И первый пузырь чуть не лопнул от смеха.
- Мне в другую сторону, - тут же высказался второй, отодвигаясь от своего братца. - Если ещё спросить хочешь, то давай. А то чего время терять понапрасну.
- Ты сказал, если успеешь, - напомнила Маруша. - Что будет, если я успею и долечу до Вирии к следующей заре.
- О-о-о-о! - уважительно протянул пузырь, - а я знаю, знаю, - заголосил первый. - Если ты достигнешь Заоблачной Страны за одну ночь, то птицы воцарятся над миром, - перебил его второй. - Они будут вить гнёзда во всех уголках Земли, - подтвердил первый. - Никто никогда не посмеет убить птицу, ибо оступившегося покарает птичий бог, - пообещал второй. - Разверзнется земля под ногами убийцы и будет он вечно гореть в огненной лаве, - предостерёг первый. - Пропадут с лица Земли отравленные реки и дымные заводы, - торжественно возвестил второй. - Леса разрастутся неимоверно, и отступят перед ними даже города, которые рухнут под напором джунглей и тайги, а их обломки послужат вместилищем птичьих поселений, - первый тут же подхватил тон братца.
- Здорово! - просияла Маруша. - Тогда мы перестанем бояться и заживём счастливо. Ночь Звездопада - самая счастливая ночь! А что вы можете сказать про третью ночь? Меня уж сильно ею застращали.
Пузыри задрожали.
- Там Тот, Кто Сидит На Качелях, - простонал первый. - Он похож на Мёртвую Луну, - содрогнулся второй. - Вряд ли он пропустит тебя в последнюю ночь, - засомневался первый. - Весь мир - его владения, - попробовал пояснить второй. - Нет ни живых, ни мёртвых, лишь ты, да он, - продолжил первый. - И сила за ним, - прошептал второй пузырь и лопнул от страха.
Первый тревожно заметался.
- Погоди, - взмолилась Маруша. - Я же ещё ничего не знаю про вторую ночь. Что будет, если...
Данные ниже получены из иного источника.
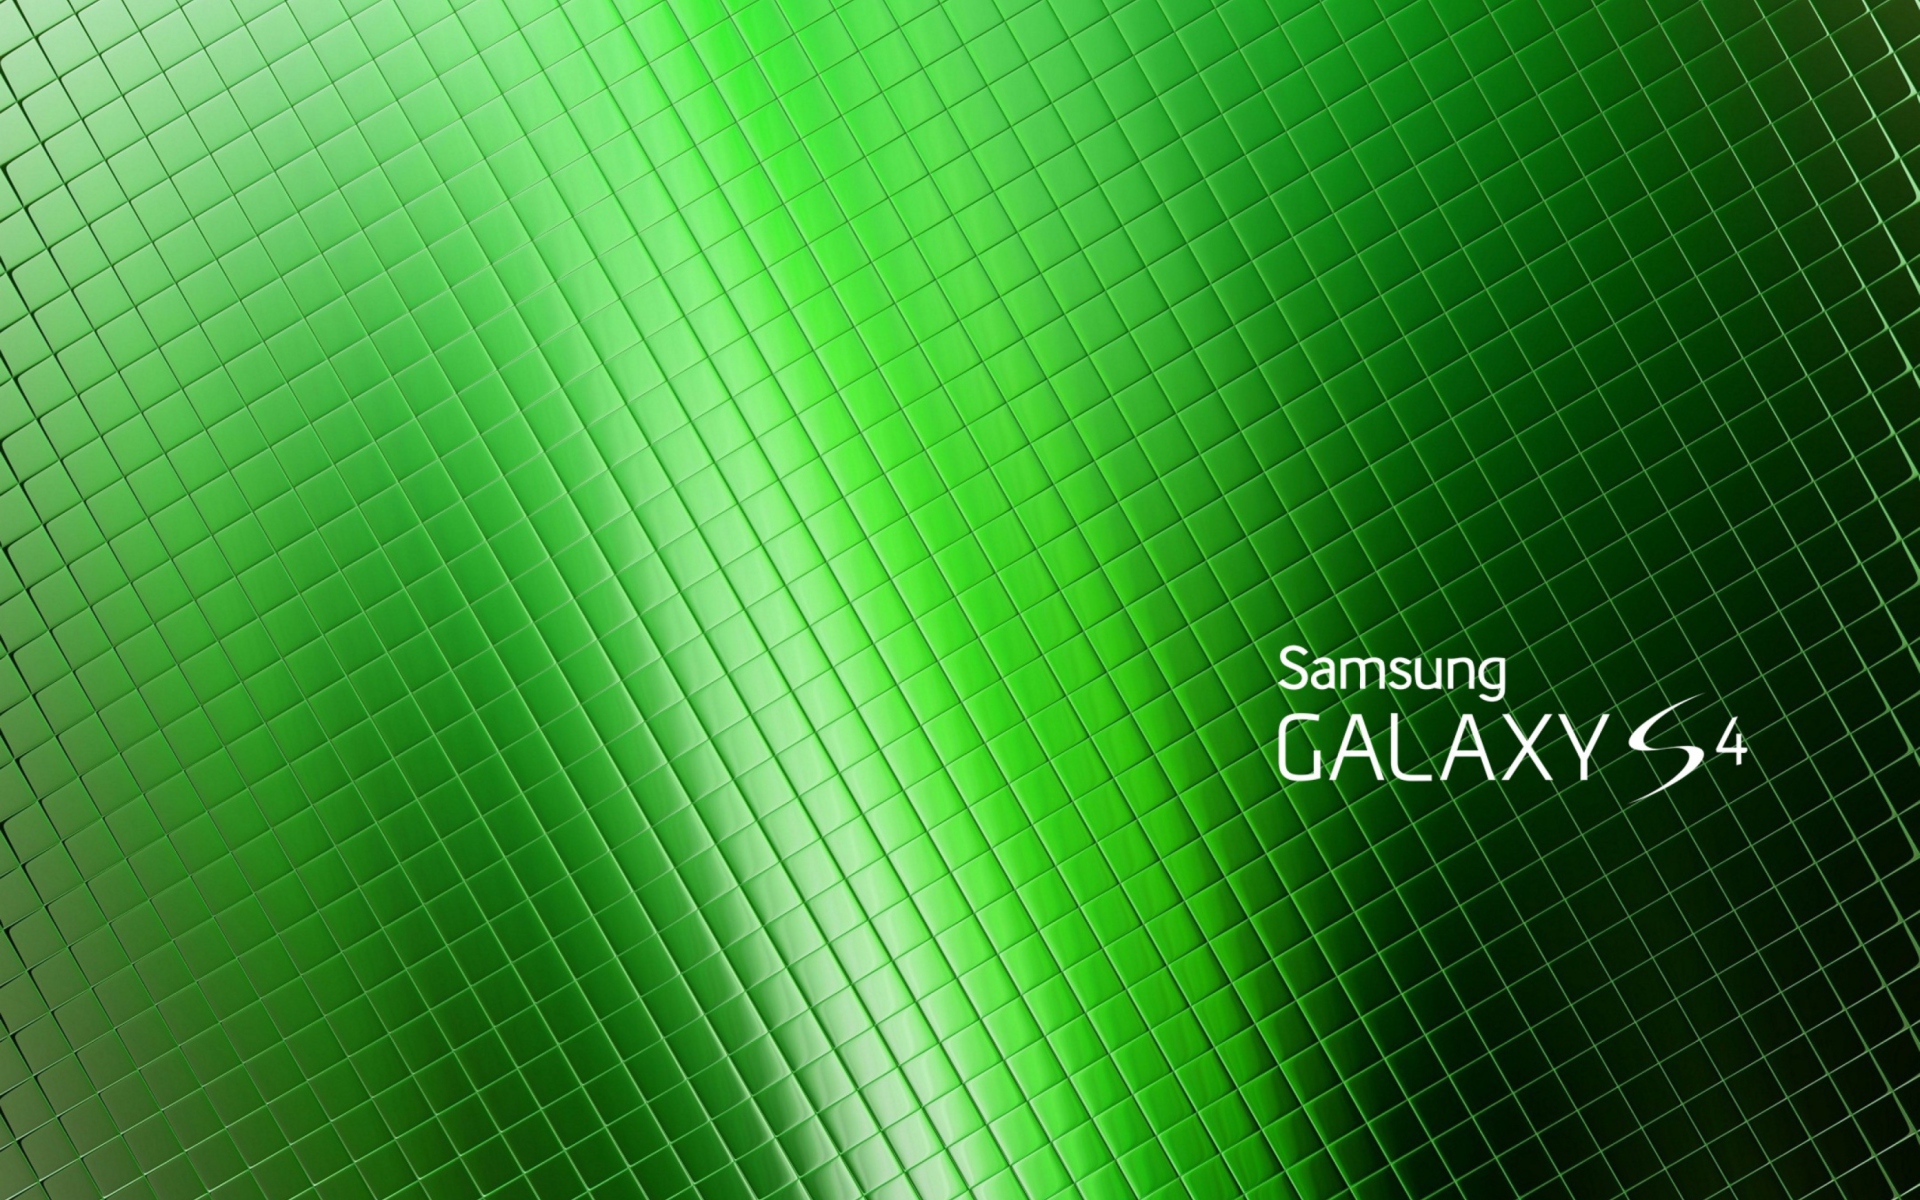 Galaxy S4 Wallpaper for Widescreen Desktop PC 1920x1080 Full HD

Но неожиданная ветка коварно пересекла путь оставшегося пузыря, и он тут же разделил судьбу своего братца.
4.
Скоро дома почти перестали встречаться. А в тополиные стены, то и дело начали встревать тёмные еловые лапы. Когда зелёный туннель оборвался, солнце уже упокоилось за краем земли. Сияла ровным светом Венера, да вслед за ней, игольчато мерцая, проклёвывались на ещё светлом небе первые звёздочки. Багровая полоса заката постепенно угасала, а небеса наливались синью. Справа завис жёлтый серп месяца. А если вглядеться, то проступала вся Луна, чёрный шар, почти незаметный на фоне ночи.
"Доберусь до Вирии и попрошу у птиц всё, в чём отказал ворон, - эта мысль согревала продрогшую и усталую птичку. - Что не может дать мудрость, сотворит волшебство!"
Поросшими палой травой рытвинами далеко внизу простиралась земля. На севере в небо уходил ствол высоченной, ободранной с одной стороны сосны. Всё больше становилось звёзд. Мостом протянулся от края до края Млечный Путь. Было б здорово взобраться на него и скатиться за горизонт по звёздным россыпям. Звёзды сверкали и сверху, и по сторонам, и даже внизу, отражаясь в небольших озерцах. Словно драгоценные камни, переливались они холодным светом. Из зелёного туннеля угодила Маруша в туннель ночи.
"Где же она, Заоблачная Страна? - думала Маруша, неспешно взмахивая крыльями. - Какая она? И каким станет мир, когда воцарится над ним птичий бог? Увижу ли я его в той стране? И какой стану я, когда солнце вновь поднимется над землёй?"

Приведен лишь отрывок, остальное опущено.